INFORMATION SHOWN:
.....

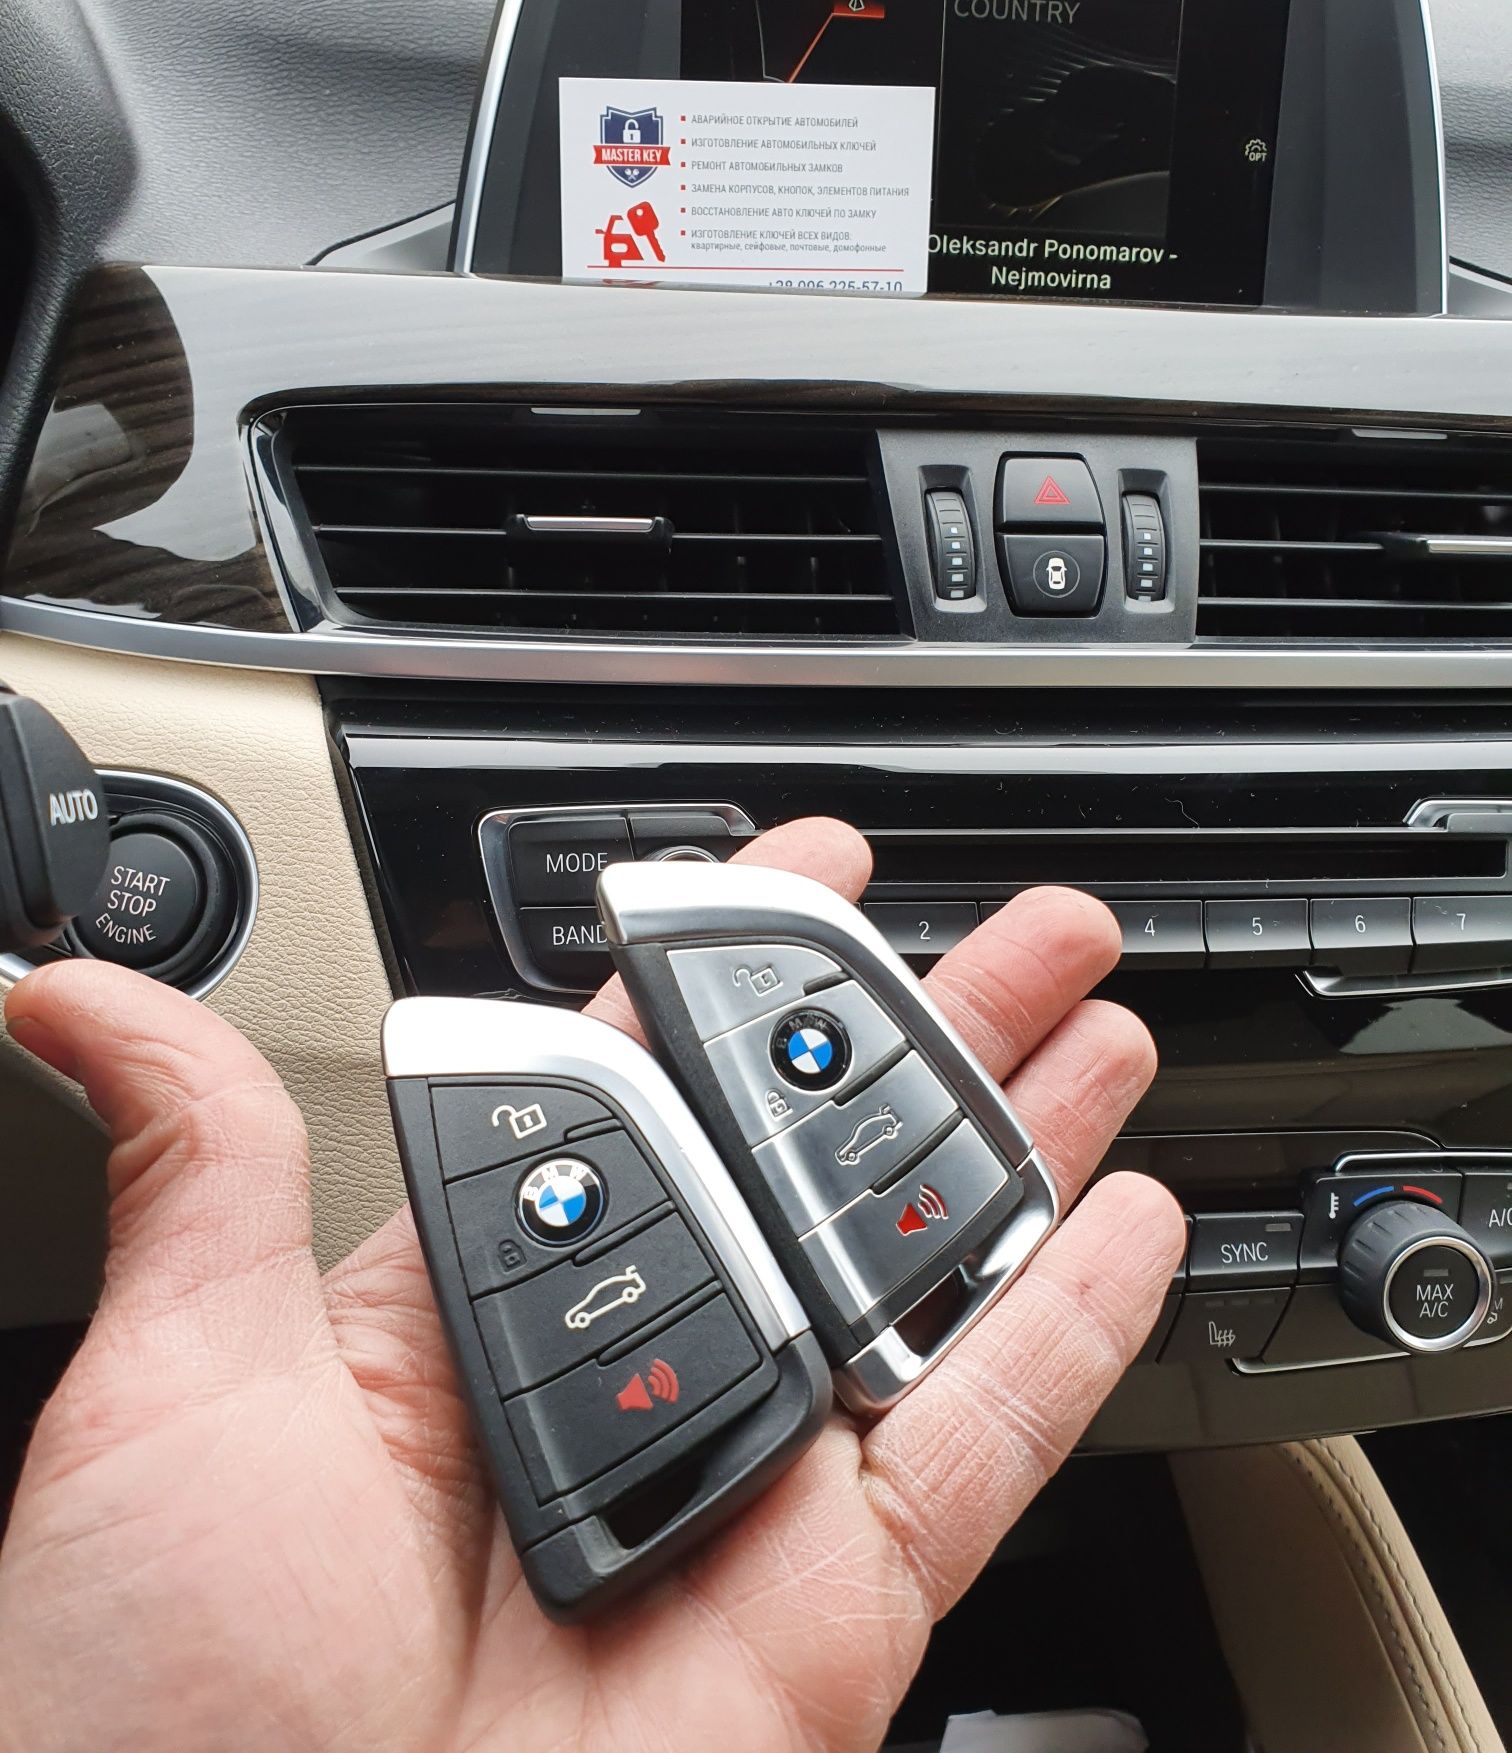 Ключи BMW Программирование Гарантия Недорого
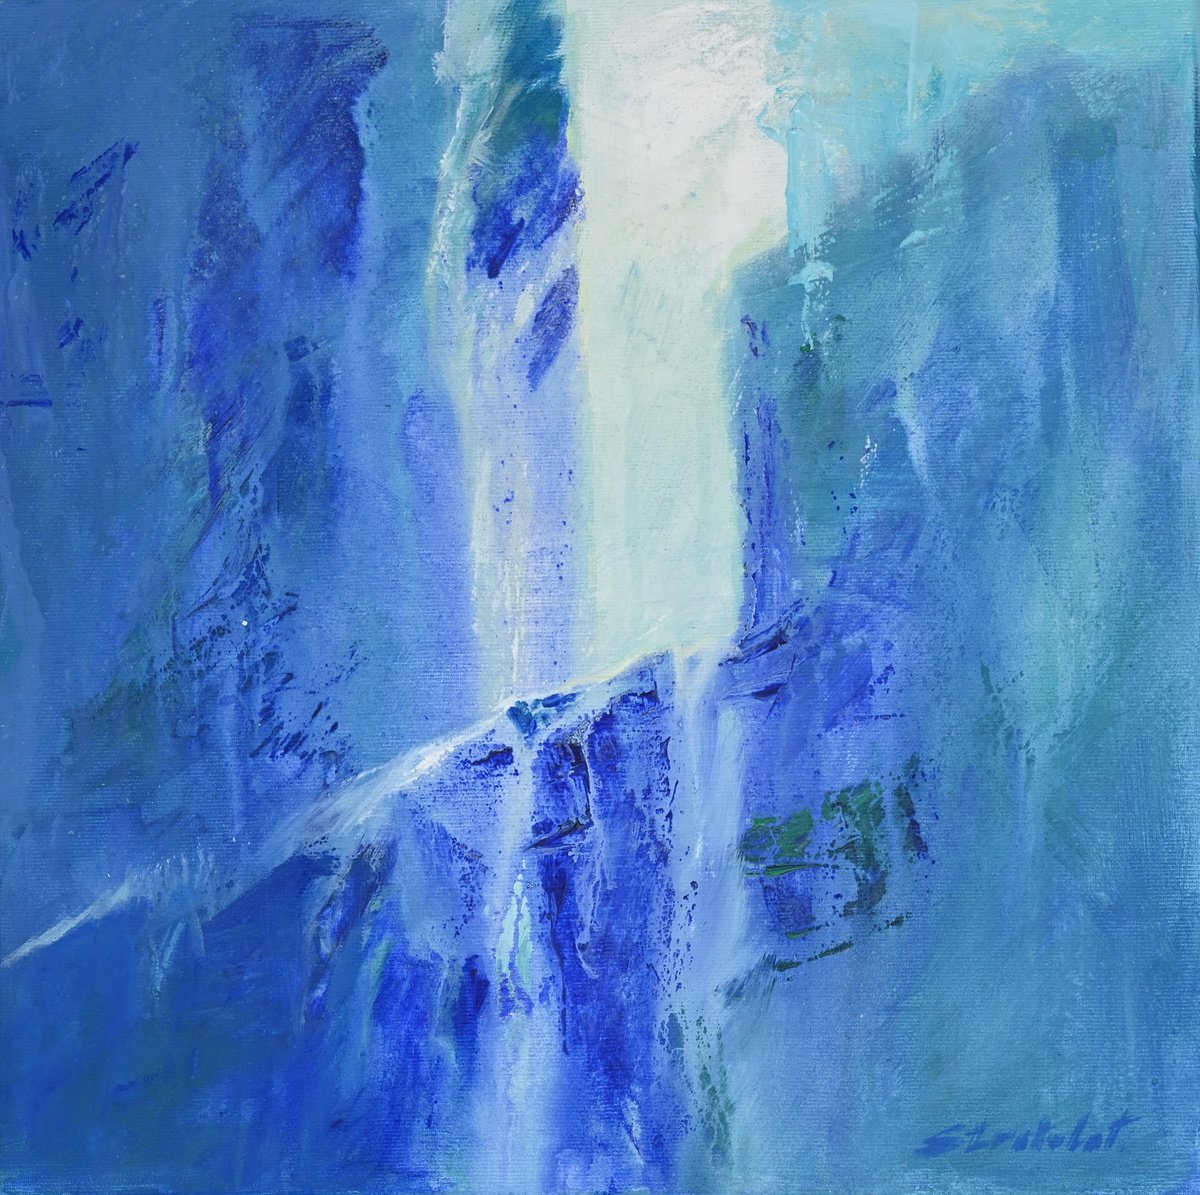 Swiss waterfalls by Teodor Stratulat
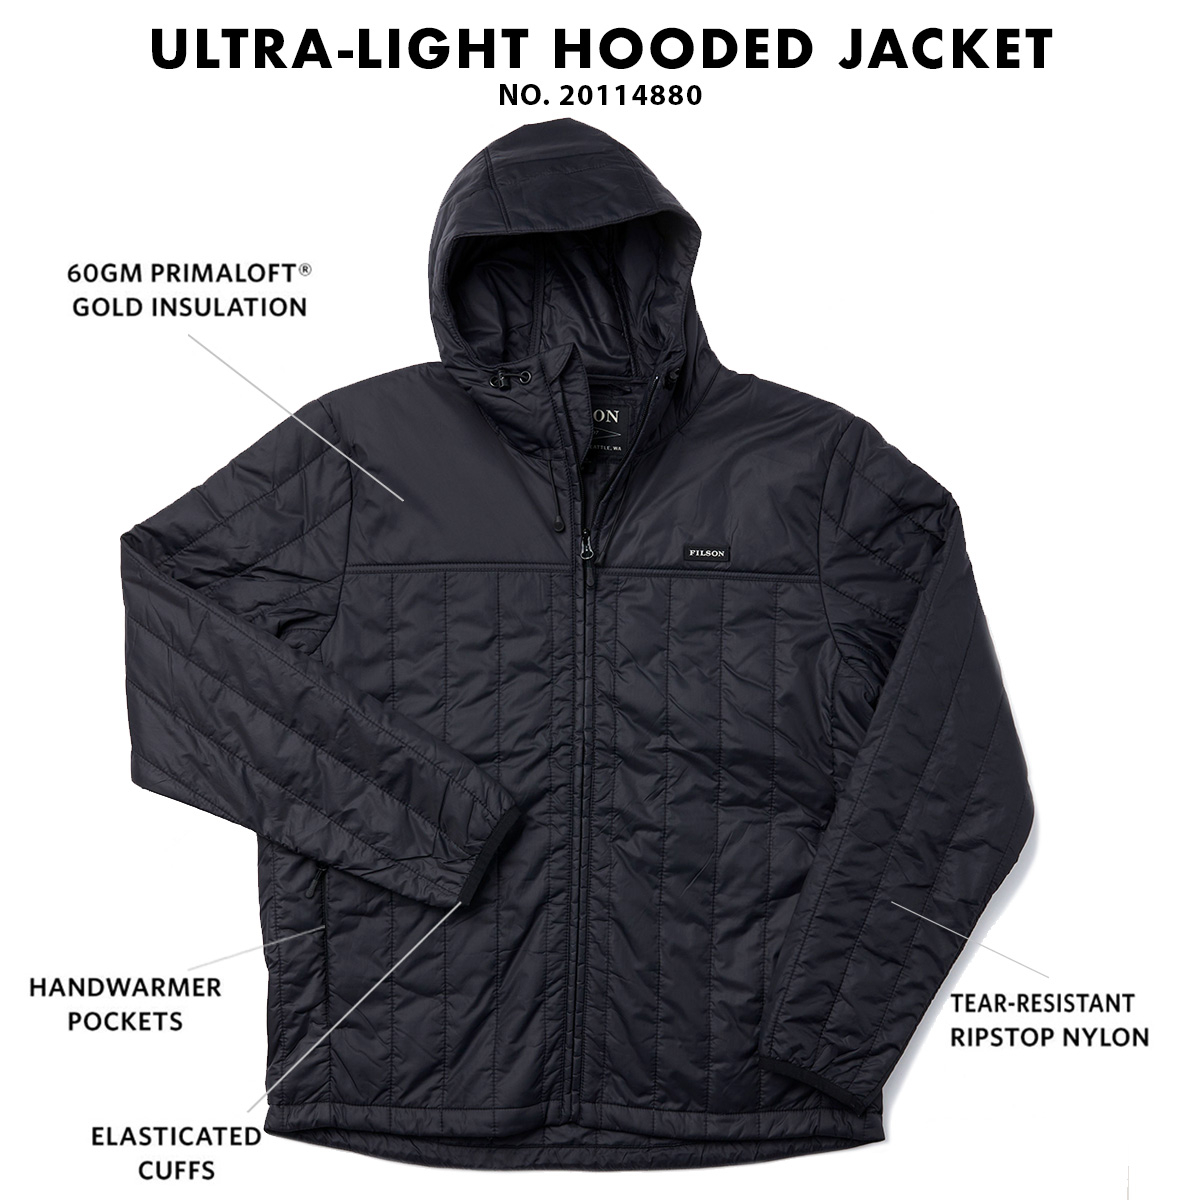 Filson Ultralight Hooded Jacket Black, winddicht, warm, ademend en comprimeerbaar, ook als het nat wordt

.....

EXERCISE DIRECTIONS:
Your output should consist solely of the lines from the line containing "Swiss waterfalls by Teodor Stratulat" through the end of the data above, copied exactly, with images removed.

TASK OUTPUT:
 Swiss waterfalls by Teodor Stratulat
 Filson Ultralight Hooded Jacket Black, winddicht, warm, ademend en comprimeerbaar, ook als het nat wordt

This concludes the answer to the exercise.